OXFORD — Voters will have the opportunity once again to discuss the availability of medical marijuana permits at a public hearing set for tonight, August 16, beginning at 6:30 p.m. in the Town Office.
The ongoing discussion over town-issued medical marijuana registered dispensary or cultivation permits continues after Annual Town Meeting voters failed on June 9 to pass an article that would have allowed an open-ended number of permits to be issued.
“We tried to do away with the number (of permits) and it didn’t pass,” said Code Enforcement Officer Joelle Corey-Whitman. Previously three permits were available.
Now the town will ask voters to restrict the number to four.
The permits pertain to commercial growers of medical marijuana such as those housed in facilities along Route 26.
“Those are the ones this board cares about,” said Corey-Whitman.
Under state law, medical marijuana providers can operate with a maximum of five patients at a time. So a person growing plants for those patients as a state licensed provider is not subject to the local permit.
“There’s no need to come to us,” she said of those providers.
The article also had no effect on commercial recreational marijuana cultivation, which voters banned entirely during Annual Town Meeting.
But large medical marijuana growers do need a permit from the town and under the Medical Marijuana Ordinance that originally had a three-permit limit. All three are currently in use, along with a fourth permit that was granted under non-conforming usage, following a year-long battle over the issuance of that final permit. Corey-Whitman said there are no permit applications pending.
The permit exception was issued to 517 Main Street as part of a consent agreement between ActNow GC and the town negotiated to resolve a potentially $1 million lawsuit against the town.The Final Consent Judgment, approved in Androscoggin Superior Court earlier this year, allowed the use on the Stevenson property to be permitted as a nonconforming use.
Corey-Whitman told the Planning Board at its meeting August 6, that a misinterpretation of the Annual Town Meeting article may have caused voters to turn down the article.
The Medical Marijuana section also asks that facilities be inspected once a year by the police and code enforcement officer and that owners be required to obtain annual business licenses from selectmen and includes a definition of an objectionable odor determination and what is required if such occurs.
The marijuana changes are part of the overall town zoning, site plan and subdivision ordinance which voters will also be asked to update with some “housekeeping” changes such as adding the definition of “tiny homes,” to the Ordinance.

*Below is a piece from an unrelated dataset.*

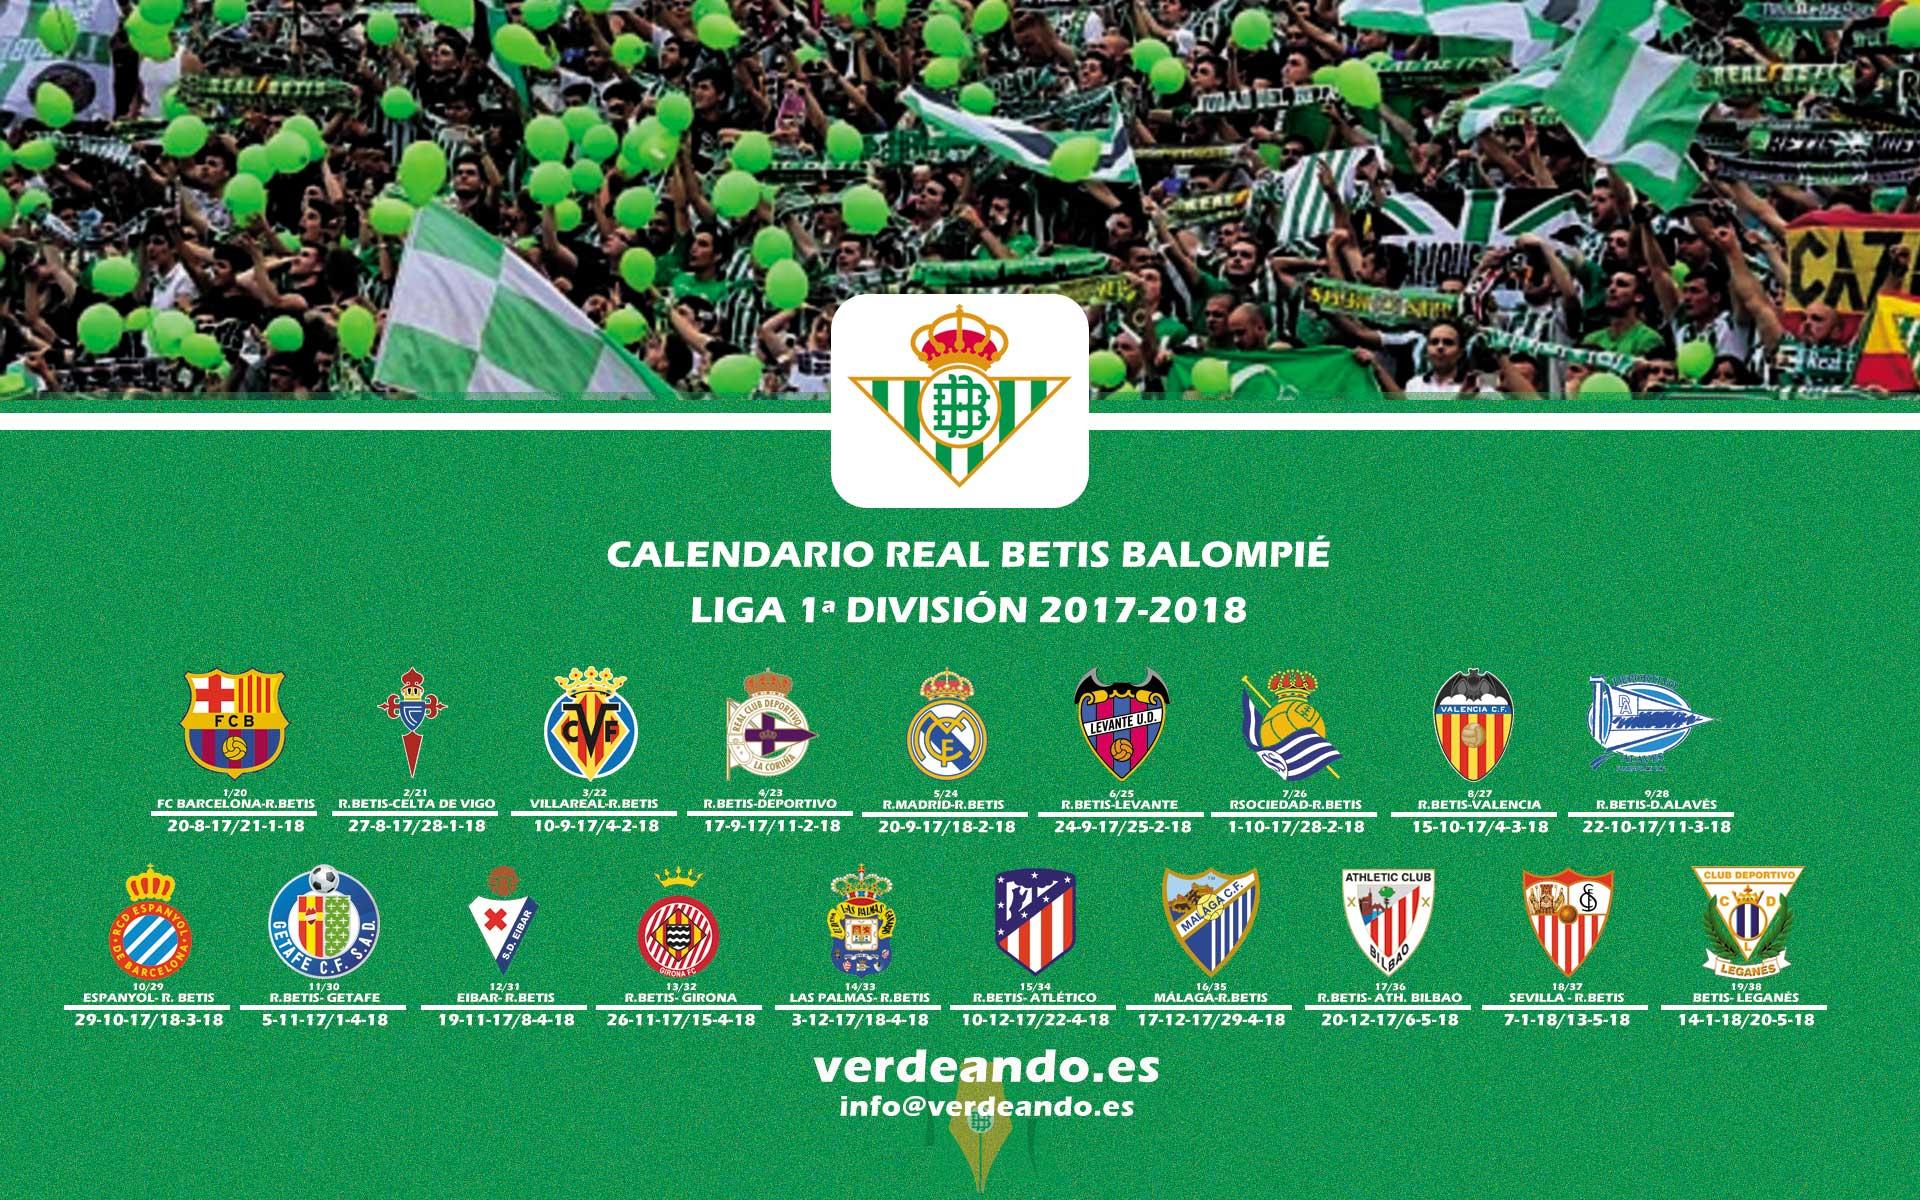 Calendario del R.Betis Liga 2017-2018

Tonight’s public hearing will also address the town’s Dog Ordinance and the Tobacco Use Ordinance.
The Special Town Meeting to act on these Ordinances and other issues will get underway in the Selectmen’s Meeting Room at the Town Office, 85 Pleasant Street, on Sept. 20th beginning at 6 p.m.
Voters will also be asked to see if the town will open Pismo Beach and its boat launch for public use, with non-residents paying a usage fee set by the Board of Selectmen and amend the Oxford Zoning Ordinance.